Precious-Metals Blowoff in Progress

 

This column was originally published on RealMoney on April 19 at 12:38 p.m. EDT. It's being republished as a bonus for TheStreet.com readers.

I've been bullish on precious metals and commodities for some time, and still consider myself bullish in the long run, but if there isn't a gold and silver blowoff in progress, I'll eat my hat.

Let's go over a few of the things that bother me.

Gold Bugs Are Getting Too Popular

Who's more popular than the precious-metals crowd at the moment? Investment publications are running large, one-sided feature stories on gold (Time & Newsweek: Where are your cover stories on the subject? They must be coming soon). Owners of precious-metals Web sites are being quoted as analysts, when in reality they're cheerleaders with a one-sided interest (and perspective).

Most telling of all, some pretty outlandish predictions for gold's price objective are starting to be heard.

Is a price target of $850 an ounce, gold's 1980 high, reasonable in today's environment?

Heck, it feels like it might get there next week at this rate. I'll even listen to a well thought-out case for a long-term run to its inflation-adjusted high, which would be just north of $2,000 an ounce. But near-term predictions for $4,000 to $5,000, as I've been seeing lately?

I even saw one recent commentator quoted as saying gold would reach $20,000 an ounce by 2020 (with silver at $2000, by the way), only to be topped by another who suggested that $36,000 was not unrealistic! Ironically, just imagine the ridicule these same individuals would heap on a forecast for the Dow at 36,000.

Silver

Often referred to as the "poor man's gold" because it feels difficult to pay so much for just one ounce of gold when many ounces of silver can be had with less money, the white metal tends to move later than gold and has in the past marked the end of important precious-metals rallies when it surged violently. With that in mind, how can we ignore the technical condition of silver at the moment, as shown in the three-year chart below?

Three Year Extension
Silver is parabolic here.
Source: Stockcharts.com

I don't care what the asset is, when a chart starts to look parabolic, I get nervous. And just look at the short-term momentum indicators pictured (RSI, MACD and stochastics, which I like to view together). Overbought would be the understatement of 2006. The last two times silver looked remotely like this on a technical basis -- in the spring of 2004 and again later that year -- it marked the beginning of meaningful precious-metals corrections.
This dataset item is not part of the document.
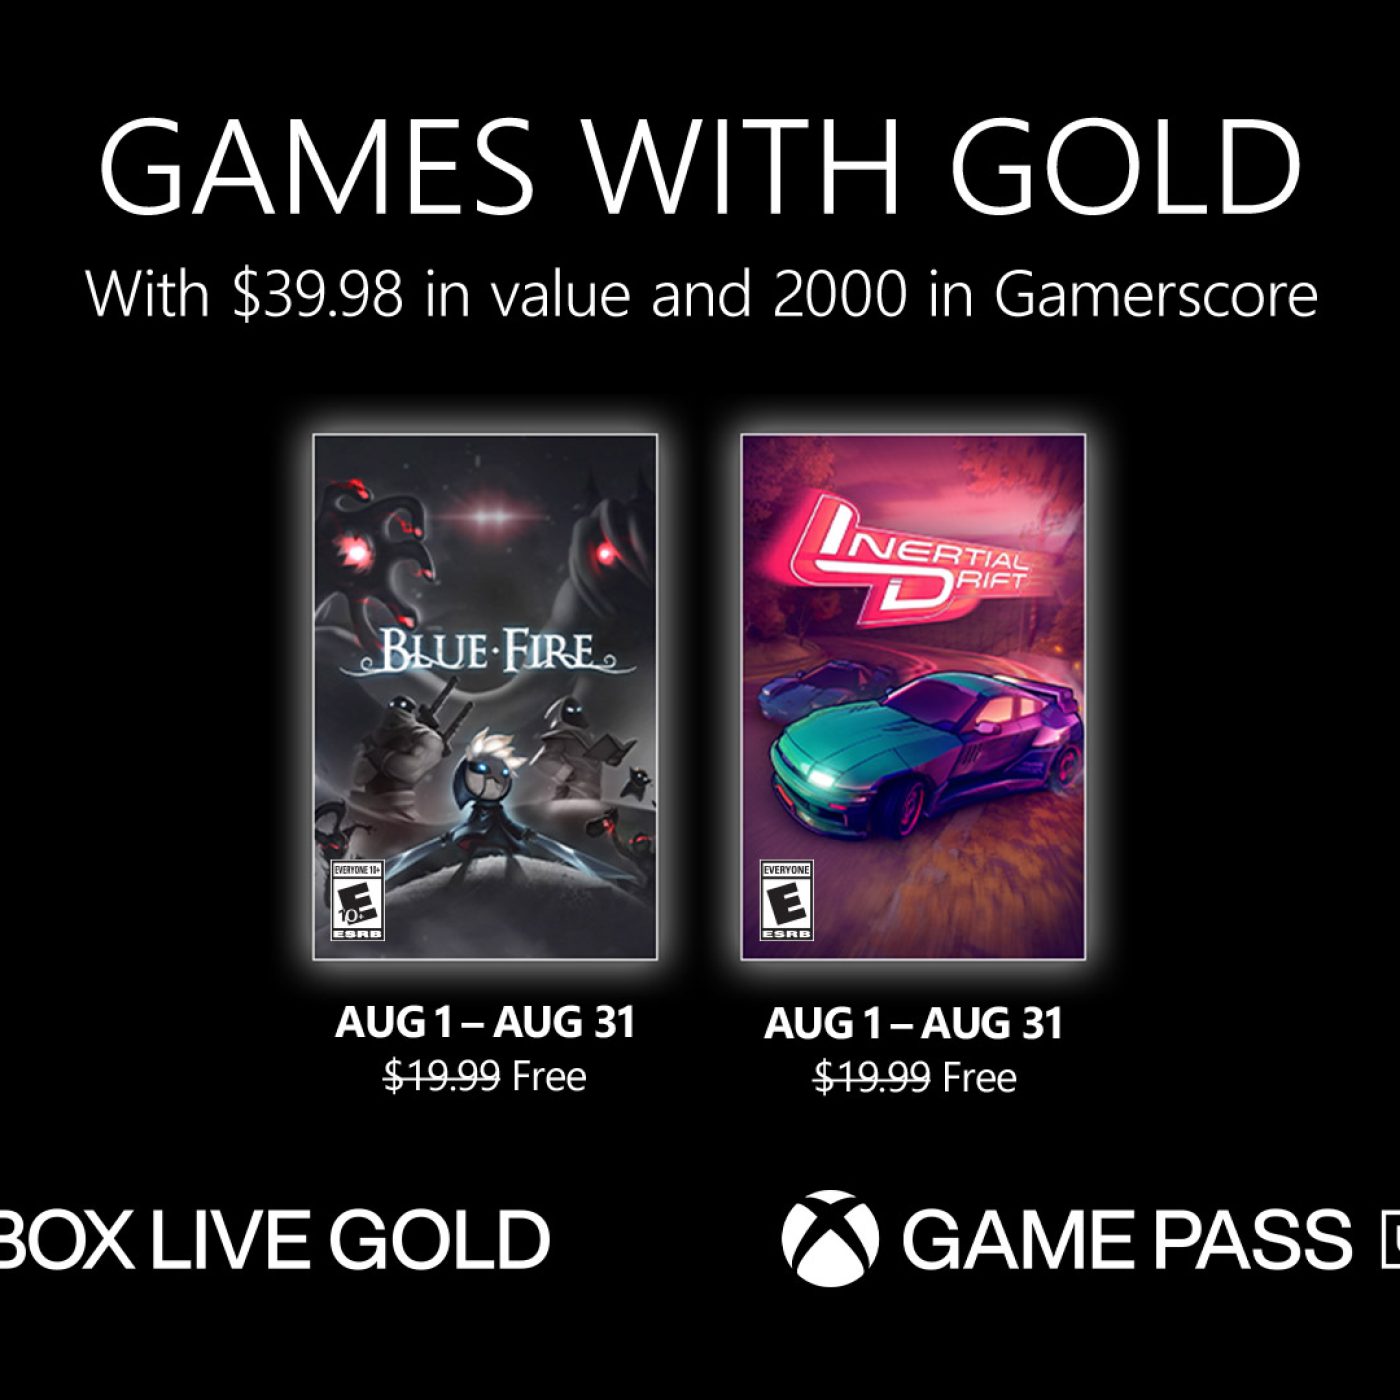 Xbox Games With Gold handed out $900 worth of games in 2015. Was

And it's not just on a daily basis that silver looks to be in the midst of a blowoff. I know these charts are large, but the weekly and monthly charts going back to 1990 just have to be seen:

Weekly Chart Is Stretched Thin
It's extended here too.
Source: Stockcharts.com

And as off-the-charts as the weekly momentum indicators are, the monthly gauges are similarly extended:

Monthly Chart Similarly Silly
Doesn't get any better looking here.
Source: Stockcharts.com

Maybe this is a sustainable trend, but look again at the momentum indicators, especially compared to what they looked like at important peaks in the past. If you threw out the symbol and someone brought you this chart, would you rush to buy the stock it represented?

Central Banks

One gold-bug theme that interests me at the moment is the argument that central banks are buying metals, which is a bullish development. When did government officials and central bankers become so brilliant in the eyes of the government-wary precious-metals community?

Wasn't it Treasury Secretary G. William Miller who announced in January 1980 that the U.S. would no longer auction its gold, doing so literally days before the metal peaked near $850? And don't gold bugs unanimously ridicule central banks around the world for having engaged in their heaviest selling near gold's secular lows of $250 an ounce just five years ago?

Astonishingly, precious-metals permabulls now point to signs of central-bank buying as bullish support for their arguments. And two of the nations that have signaled most clearly their intentions to add to their gold holdings, Russia and Argentina, are both less than 10 years removed from defaults on their sovereign debt. But that's the past. Today they're geniuses.